The authors define a transformative experience as:

“… those experiences in which students actively use science concepts to see and experience their everyday world in meaningful, new ways” (p.2), in a way that “… yields value and an expanded perception” (p.4), and that involves “… a meaningful integration of science content into everyday experience, they are likely beneficial to successfully overcoming misconceptions and for facilitating transfer among conceptual ideas.” (p.2).
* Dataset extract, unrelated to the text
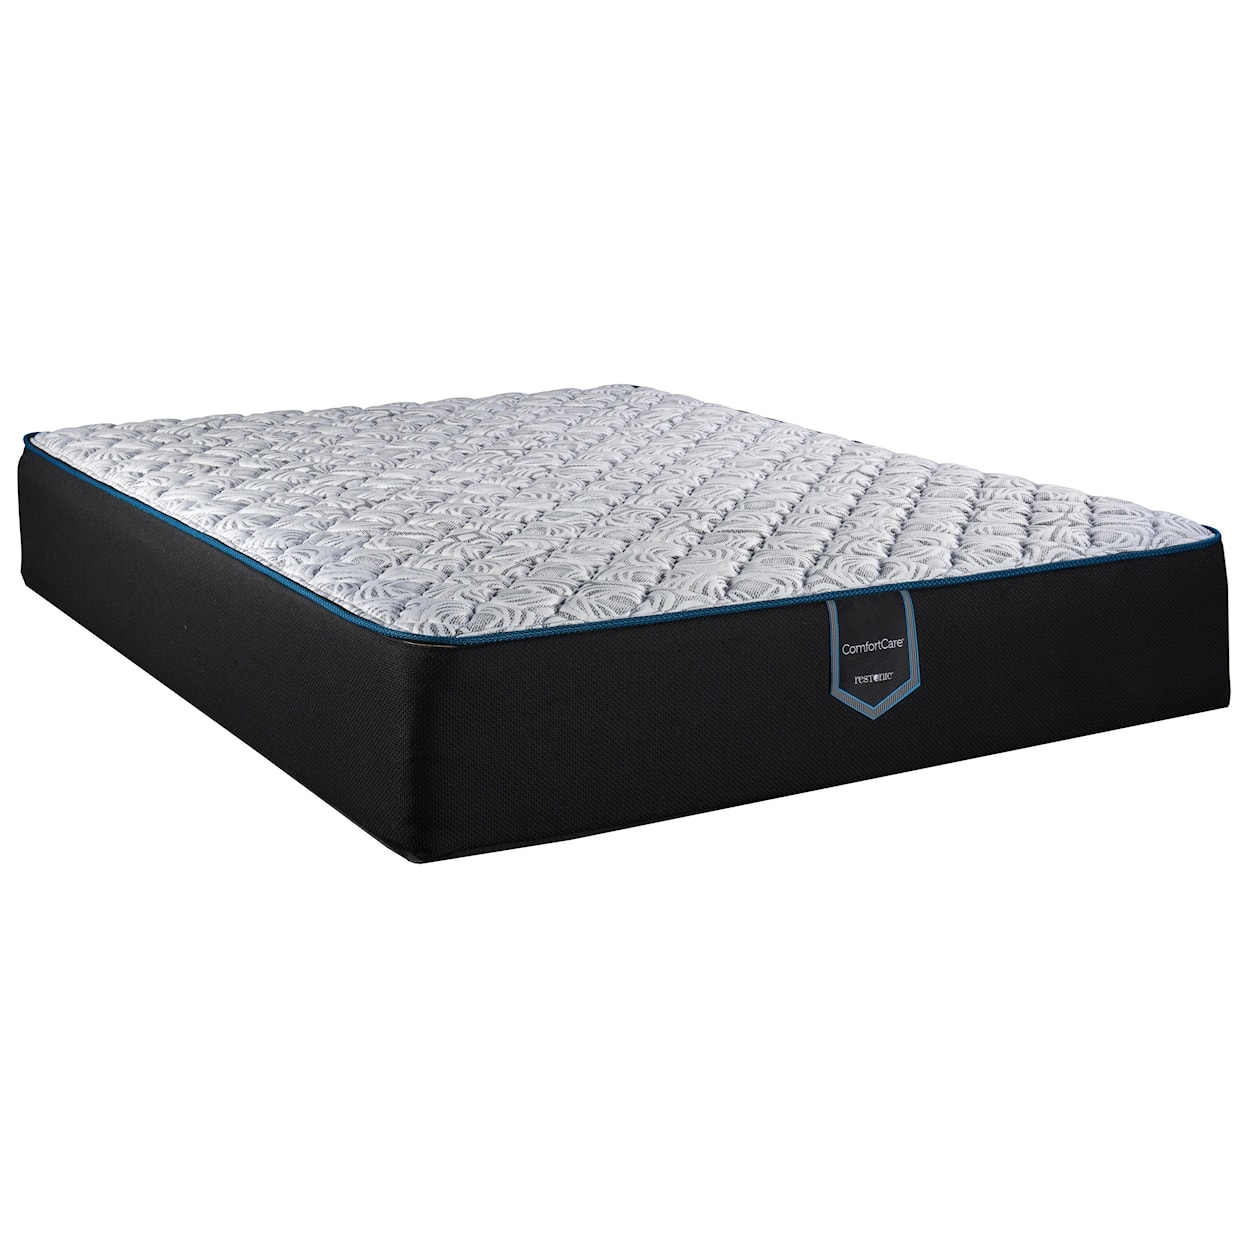 Restonic Arcadia Supreme Extra Firm Cal King 13" Extra Firm Mattress

TL occurs at the interaction of “acquisition of conceptual understanding” coupled with “participation in a science discourse community” (p.2-3), with deep engagement being “critical for addressing conceptual learning in science” (p.3). This engagement is intense, emotional, behavioural, affective and cognitive, with “A realistic goal for educators may be to focus on developing engagement so that it becomes more transformative over time” (p.5).

What did they find?

  • TL is a desired goal in education but is hard to measure empirically
  • Transformative experiences could be seen as a “… continuum ranging from in-class engagement to active out-of-school engagement” (p.17)
  • Students that identified with science and who were motivated to achieve mastery of the subject were “… more likely to engage in higher levels of transformative experience” (p.19)
  • “… as students apply the concepts they learn in the classroom to their everyday lives by engaging in transformative experiences, they become more fluid and agile in thinking about these conceptions” (p.20)
  • One key outcome is the idea of seeing TL / transformative experiences as a continuum of engagement, with the critical role of science educators, in particular, inspiring and encouraging a TL experience in how they engage students with the content

STUDY 2: Girod, et al, 2010. Teaching and learning science for transformative, aesthetic experience

This paper argues that although science learning is traditionally based on conceptual change via resolving discrepancies, there is also the need to consider the importance of “art, beauty and aesthetics” (p.802). These authors draw heavily on Dewey’s philosophies around the importance of aesthetics in TL and how applicable these are to contemporary science education and learning. They argue that:

“Key outcomes for teaching and learning from the transformative, aesthetic perspective include seeing the world differently, desiring to live and act differently in the world, seeing oneself differently as a result of new learning, as well as conceptual understanding of powerful content” (p.805).

These are all outcomes that easily translate to a museum / science centre experience, as previous work on TL at the Museum of Australian Democracy identified (see this post for more).

Girod, et al’s research compared two types of teaching styles – one with the goal of transformative / aesthetic learning and the other using a more ‘traditional’ cognitive / rational frameworks as below:

instruction styles table

What did they find?

  • “Students learning for transformative, aesthetic experiences reported higher levels of interest in science and experienced greater increases in efficacy beliefs about themselves as science learners” (p.819)
  • Those in the TL / aesthetics group were more inclined to see the world differently, continue to investigate the world using ideas learned in class, and retained conceptual learning over a longer time-frame

The authors did report that while the research has limitations and further research is needed, the study does offer evidence to “… consider refocusing science education goals not only around cognitive, rational outcomes like problem-solving and conceptual understanding but to also include teaching and learning for transformative, aesthetic experience” (p.820, emphasis added).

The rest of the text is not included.